Leg Four: Milanje (the boarder town in Mozambique) to Mocuba: back of a truck.

About half a kilometer outside of Milanje (it was a longer walk than we expected...maybe we should have taken the bikes) a truck pulled up saying he was going to Mocuba. Awesome. Bonus: it was cheap. After getting ripped off by money changers (it was my fault....almost 40 dollars worth and at least I gave someone a good night) we transferred to another truck where we waited a good two hours for it to fill up more. While only 200 kms away the ride took well over four hours but it was one of the best experiences of the trip and easily the best way to travel:

Travelling through the jungle landscape with the odd mountain portruding toward the sky, with small and few villages popping up here and there, and kids waving to you as you passed was an awesome experience. It got me over the fact that I had just been ripped off at least.

The back of the truck fills and empties with people from little grass hut villages having as few as 10 people to as many as two rugby teams worth. That combined with the 2000 heads of cabbage (at least), bikes, luggage, our luggage and various other things makes for a pretty tight fit. For about one hour I was sitting on the fingernail wide rail with my legs barely inside and only room for one of my hands on the rail to hold myself in. The driver does not slow down so every time we went over a bump (and there were many), or turned a corner I caught a glimpse of death just over my left shoulder waiting to catch me. Luckily it was only for an hour of the trip. Finally we came across Mocuba. I never really thought that I would see electricity or buildings or paved roads again, and the people were kind enough to drop us off at a nice, cheap hotel.

Leg Five: Mocuba to Nampula: Bus

Woke up at 3:30am to go to where a bus might be leaving from. Turns out there was one and after about two hours waiting for it to fill up we were finally on our way to Nampula. THe trip was uneventful except for when, about an hour out of a town where we hap stopped for 20 minute, the bus driver tried to turn back. Apparently he had forgot some important papers. Luckily he decided that the papers were not worth the passengers rioting and so continued on. Jas and I went through all of the different and difficult sleeping positions such as: the forward lean, the neck sway, and the window bounce.

Leg Six: Nampula to just outside Ihla Mozambique: Mini-bus

I am still not sure how people around the world manage to fit in as many passengers as they do but once again we were travelling with what was the equivalent of two rugby teams in a bus not big enough for one.
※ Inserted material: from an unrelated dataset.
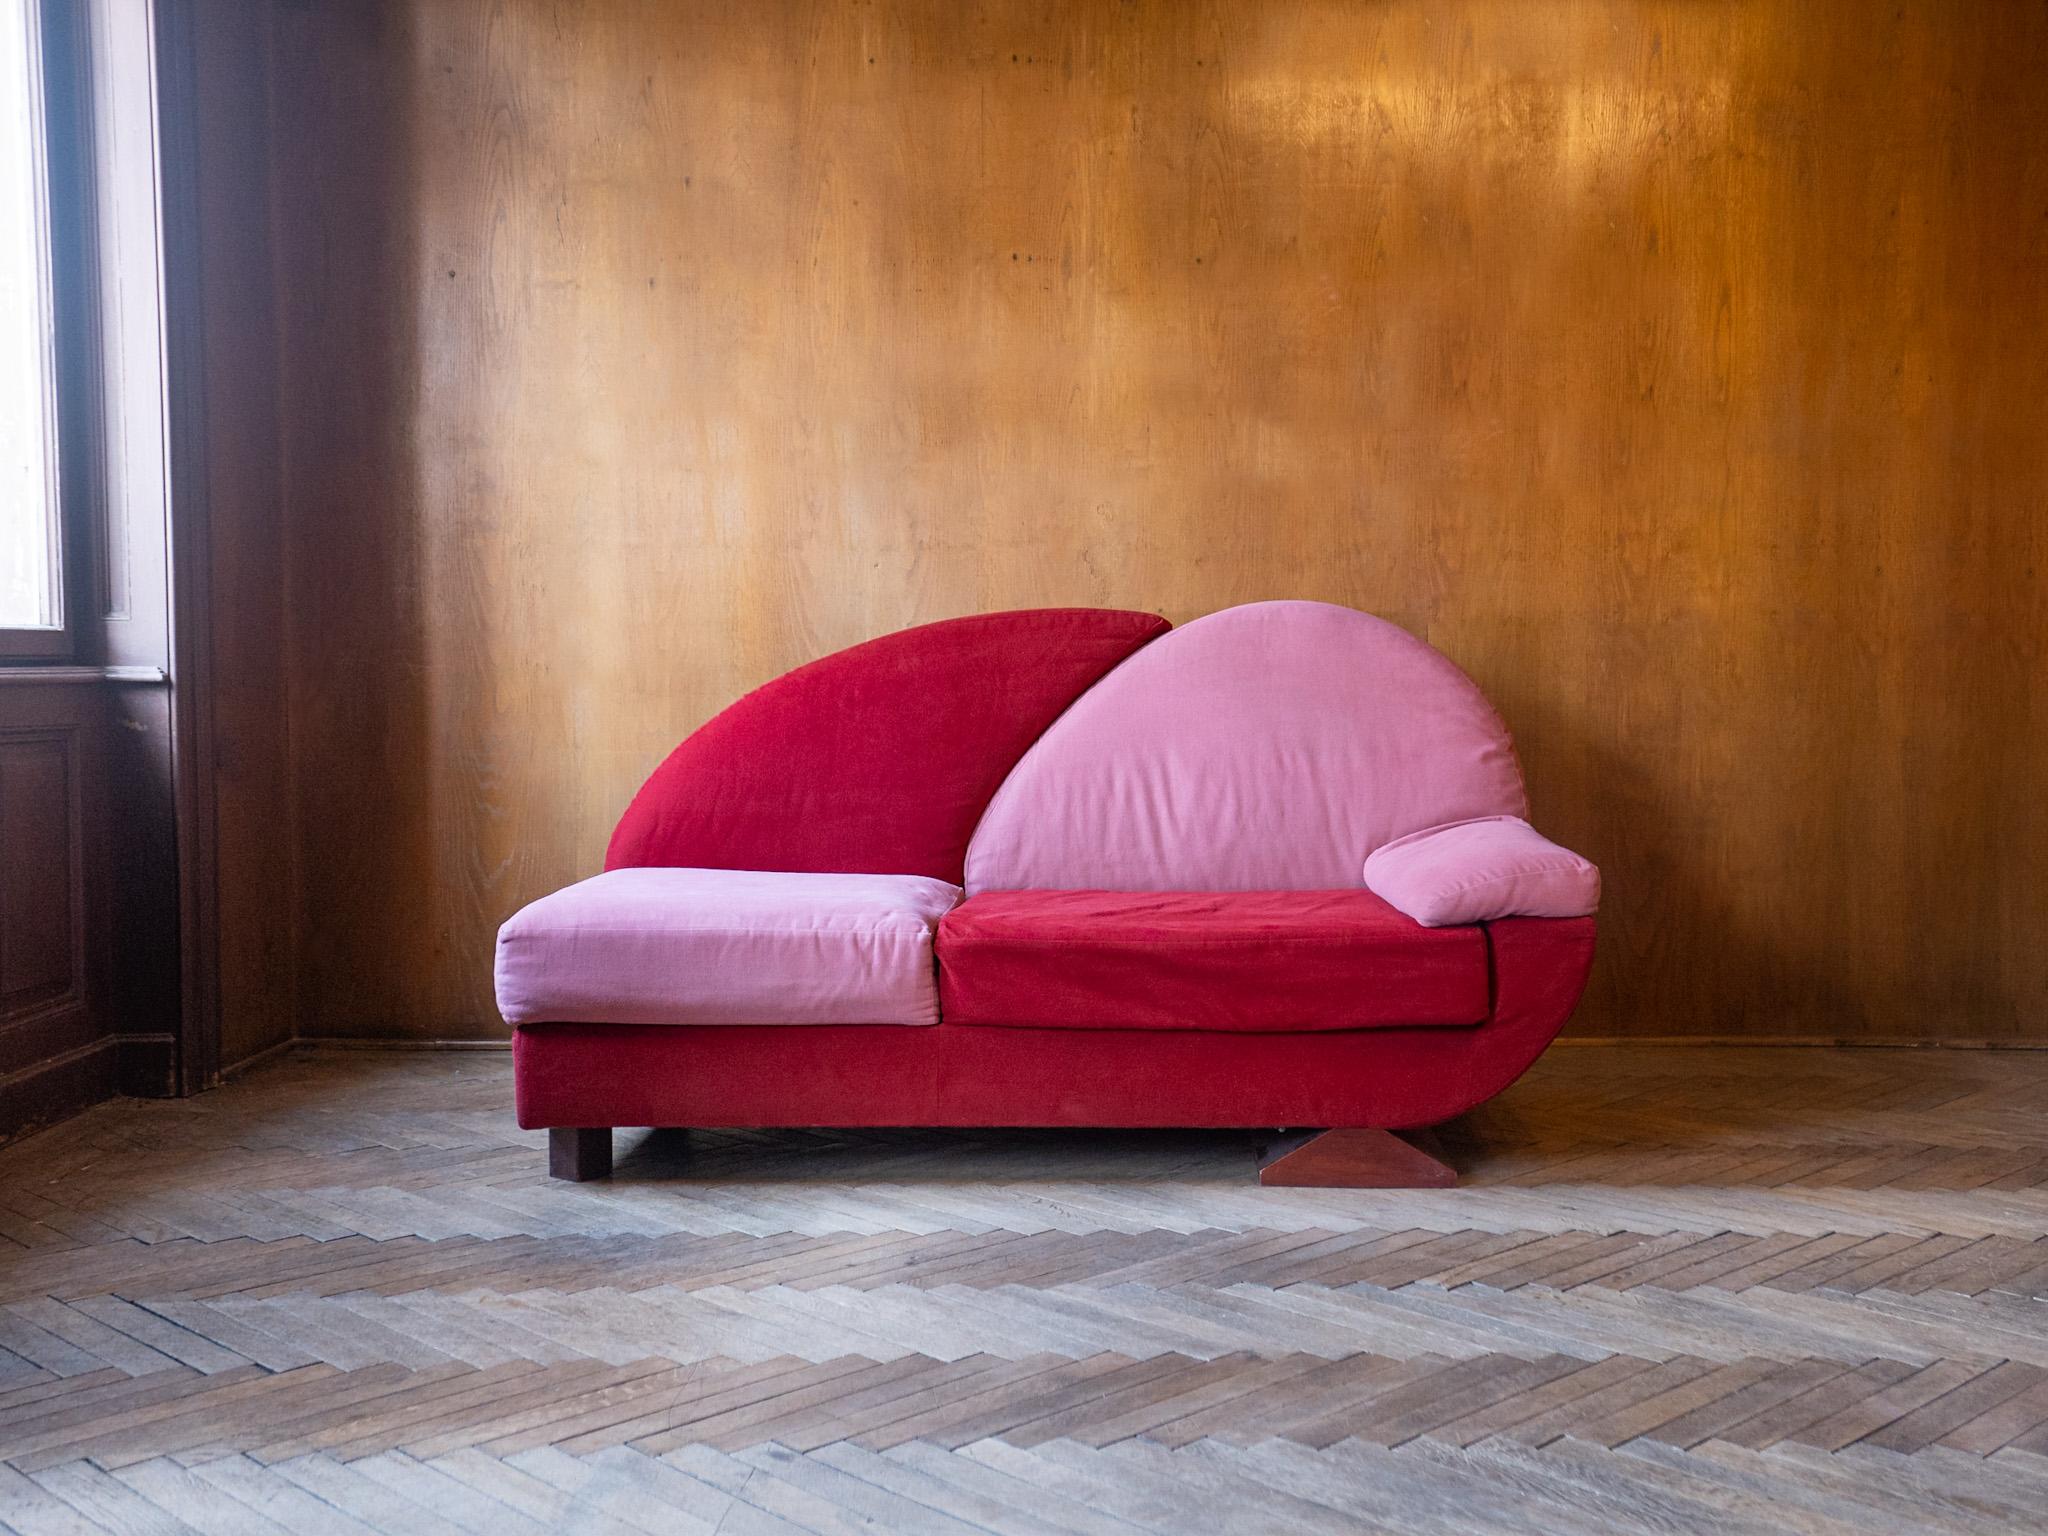 Italian Post-Modern Pink and Red Alcantara Sofas, Italy, 1980s For Sale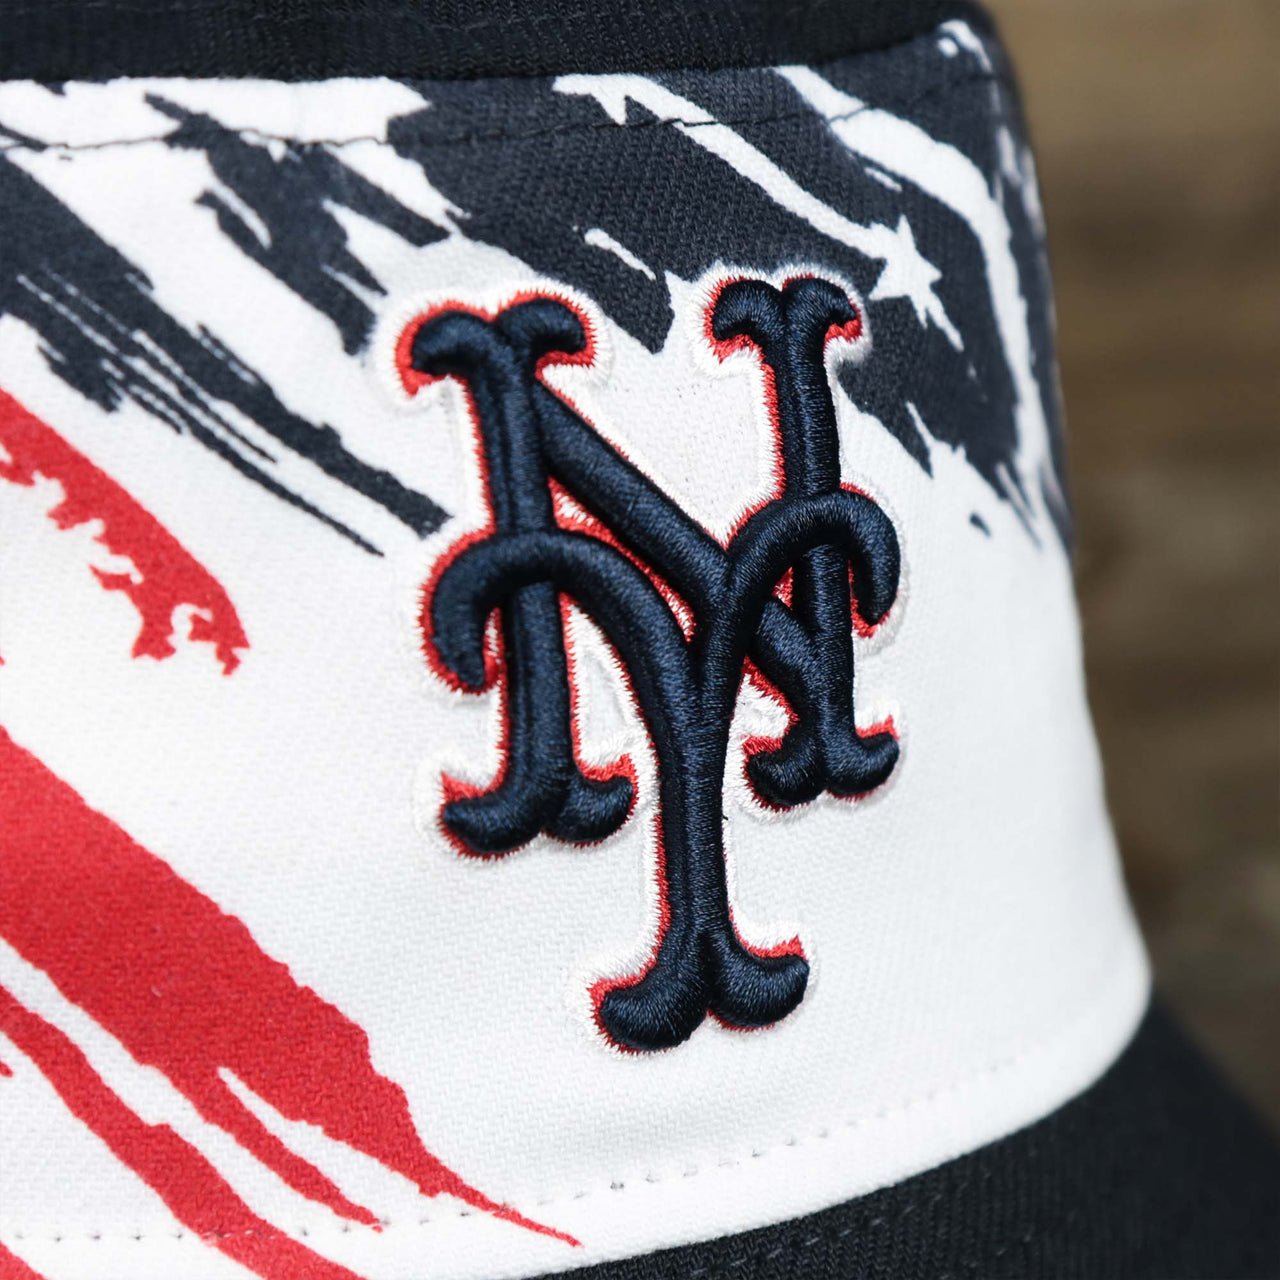 The Mets logo on the Stars And Stripes New York Mets 4th of July Bucket Hat | New Era Navy OSFM

AFter the two hours or so of waiting for it to fill up (they dont leave until it is FULL) we were on our way. Aside from the fact that my bum went knumb as soon as we left the station, it was a pleasant ride, well as pleasant as one could expect anyway.

Leg Seven: Just outside Ihla Mozambique to Ihla Mozambique: Truck

Just on the other side of the bridge we had to switch to a smaller vehicle to that we could get across. Somehow the company managed to fit all of our gear and the other passengers gear into the box of the truck. We then had to fight and squeeze and find somewhere to hold on to. At one point I barely had my feet on the bumper, while holding onto the back rail. Apparently this was not safe though and they insisted I sit backwards with barely half my cheek on some luggage sticking above the box and with some rather large woman leaning against me. It was all I could do to hold on and stay in the back of the truck. I had a brief glimpse of what death must be like, but at least this time the roads were paved.

Ihla Mozambique:

Well worth the wait. The place, like lonely-planet says, is half ghost town, half community and being the only tourists here, we get quite a bit of attention. So while the beaches are not as nice, the place itself has a better feel than most of the islands we have been to. We have taken quite a bit of time to do nothing and just recover from the hellish journey out here but soon we will be heading north to more beaches and more isolated places. I love the landscape here and I love the people (moz), and it probably has the fewest tourists of any place I have been to thus far.

Once again no photos. Will have to do an update just for photos one of these days.